YEC wrote:How did they develope this light sensitive cell? Your speculative assumption is that this cell did actually develope...somehow....then became more complex because the animals who had them were more sucessful??? How is that?
As this eye was evolving..how big was the change that allowed this better eye to be sucessful? What changed? How many mutations were required to produce said change?
Very cute. You use the time-tested tactic of asking for 100% of the story, when we all know the story is incomplete. The trouble is, it makes no sense to ask "how big" a change was.
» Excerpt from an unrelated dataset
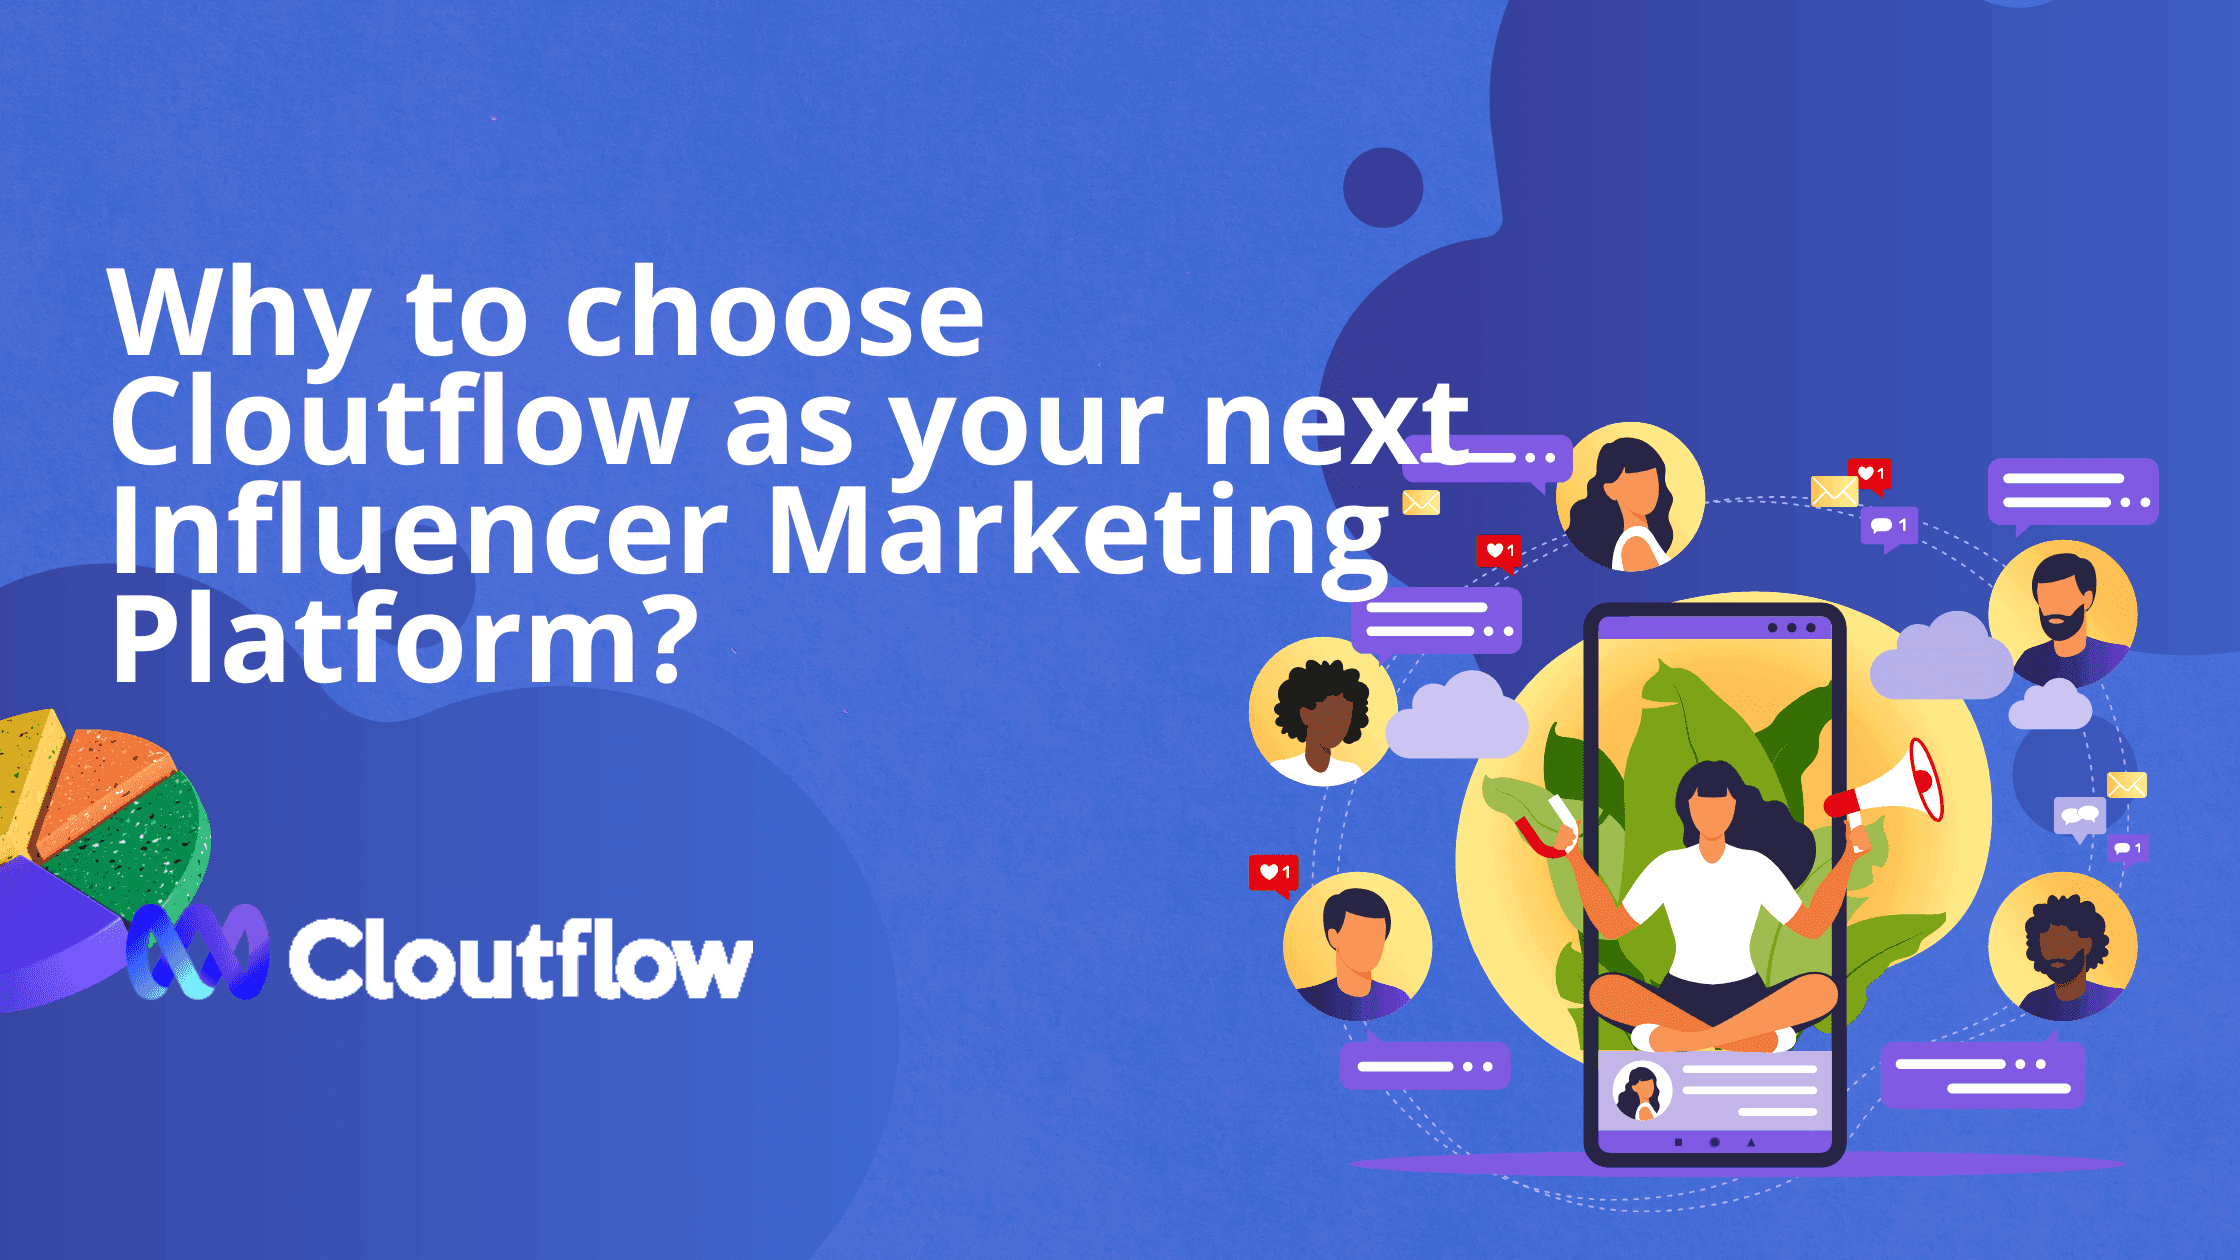 Why to choose Cloutflow as your next Influencer Marketing Platform? image

A change of an A to a G isn’t very big at all, but could have a vast influence on the development of the organism. This is a real problem with the ID approach: it plays word games, creating statements that sound like they make sense to the lay audience, but are scientifically meaningless.
I am reminded of the time our department chairman asked a question of a seminar speaker-- a graduate student, as I recall-- and the speaker replied, "it’s hard for me to explain . . . clearly . . . just why that’s such a dumb question."
YEC wrote:bdbthinker wrote:Also, if you are familiar with caves, you'll know that cave fish don't have eyes. They never developed light sensitive cells because they did not need them. Or, as some scientists argue, if they were eyed fish who got caught in the caves, the no-eye gene mutation was allowed to flourish since having eyes provided no reproductive benefit in darkness.
It's not as crazy as some creationists would have you believe
Would you care to back up that last statement with some sort of reference? I have never heard that argument presented by an evo.
To be honest I think it goes against the evo theory....or are you saying that the original fish was blind and the ones that grew up in the caves never developed eyes?
This is interesting. It displays a lack of understanding of the theory of evolution. If you go back to that PubMed list of papers, you'll find a nice one by Jeffrey titled "Adaptive Evolution of Eye Degeneration in the Mexican Blind Cavefish." The original fish population in the caves was--aha!--normal fish! But, as you are so fond of pointing out, eyes are complex. Many genes are required to build current fish eyes. Mutations in many of them result in non-functional eyes, or failure of eye development. If such mutations occur, the individual fish that have them are not worse off--because it's dark anyway. Not building eyes saves energy, and avoids creating structures that can be infected, so eyeless fish have an advantage. Over time, they produce more offspring than fish with eyes, and eventually all the fish are eyeless. So tell me--how can this "go against the evo theory"?
jimspeiser wrote:YEC wrote:Unlike you evos. I won't take the T.O.E based squarely on faith.
I think its more a matter of, you won't take the T.O.E. no matter what is provided.
Thanks, Jim! That really needed to be said. I'd noticed that characteristic, too.
There's another point to be made here, YEC. Several of us, including myself, have asked you for information in this thread and others. As a general rule, you have ignored our requests. The requests have generally been much easier to fill than the questions that you have asked us. You ask us for the entire sequence of events from the beginning of the universe to the present day, to prove that eyes developed from natural causes. We can look up some of it--if it's known--but none of us have it at our fingertips. We just ask you to explain what you're thinking. I'd have imagined that would be fairly easy.
We could start with the question above. Maybe later we can get back to the list of unanswered questions.